There is a known CUPTI permissions issue that is new in the 24.01 iGPU container. This issue prevents the profiler from being able to capture cuda events and manifests itself as a CUPTI Runtime Error with error code 35. This may be worked around by running the following command:

rm -rf /usr/local/cuda/compat/lib.real
There is a known performance drop of about 10% with ResNet. This is under investigation.
There is a known performance drop of about 40% with efficientdet. This is under investigation.
Several networks crash with a CUDA OOM when used in multi-GPU configuration using NVLS. This could be a possible TF memory carveout issue, and it is suggested to try increasing the carveout using TF_DEVICE_MIN_SYS_MEMORY_IN_MB.
There is a known performance drop with Electra on V100 and T4 GPUs. This is under investigation.
Efficientnet is presently not compatible with horovod, resulting in application crash.
There is up to 22% perf regression for efficientnet training in TF that affects some GPUs (A2, A10, A40, L40, V100).
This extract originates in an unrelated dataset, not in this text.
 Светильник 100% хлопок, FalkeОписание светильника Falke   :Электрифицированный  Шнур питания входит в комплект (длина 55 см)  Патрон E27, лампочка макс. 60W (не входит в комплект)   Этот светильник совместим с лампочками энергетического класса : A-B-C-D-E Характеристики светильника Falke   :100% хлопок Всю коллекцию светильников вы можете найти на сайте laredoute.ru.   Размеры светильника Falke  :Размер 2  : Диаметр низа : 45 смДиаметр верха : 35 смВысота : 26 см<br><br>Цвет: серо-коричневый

This is under investigation.
The TensorFlow DLRM model may see a performance regression of up to 30% on A40 GPUs compared to the 23.05 release.
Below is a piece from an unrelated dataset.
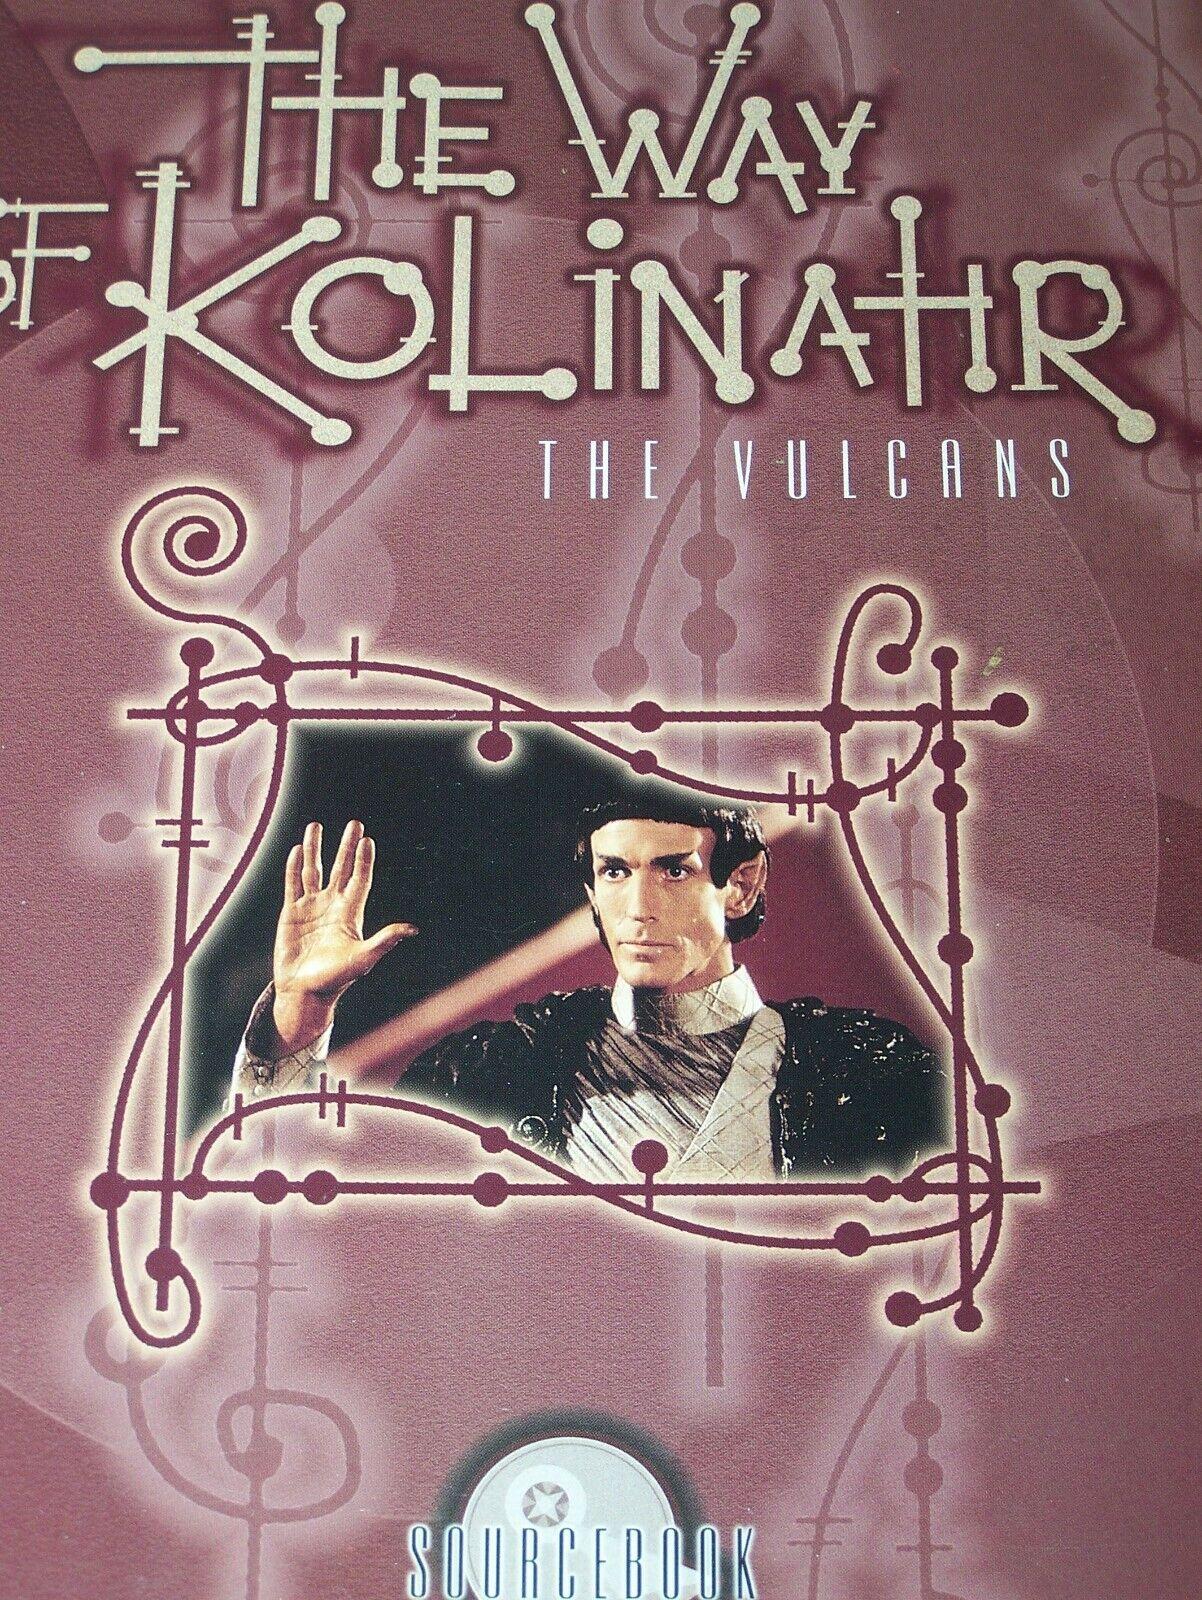 Star Trek cohete propulsado Granada últimos juegos de unicornio (5) forma de Kolinahr los vulcanos Core Juego + más

An illegal memory access violation is exposed in TensorFlow 2.12 by the Electra model as implemented in JoC.
Up to 99% perf regressions across all EfficientDet model configs.
Some DLRM models may regress by 10-40%. We are currently investigating.
A known performance regression of up to 50% affects some efficientnet models. The regression is inherited from upstream tensorflow and is still under investigation.
The TF-TRT native segment fallback has a known issue that causes a crash.
This issue occurs when you use TF-TRT to convert a model with a subgraph that is then converted to TensorRT, but the conversion fails to build. Instead of falling back to native TensorFlow, TF-TRT will crash.

To prevent the conversion of an OP that causes a native segment fallback, use export TF_TRT_OP_DENYLIST="ProblematicOp".
A known issue affects aarch64 libgomp, which might sometimes cause cannot allocate memory in static TLS block errors.
The workaround is to run the following command:
Copy

Copied!
```
            
            export LD_PRELOAD=/usr/lib/aarch64-linux-gnu/libgomp.so.1
        
```
There is a known performance regression in XLA that can cause performance regressions of up to 55% when training certain models such as EfficientNet with XLA enabled. The root cause is under investigation.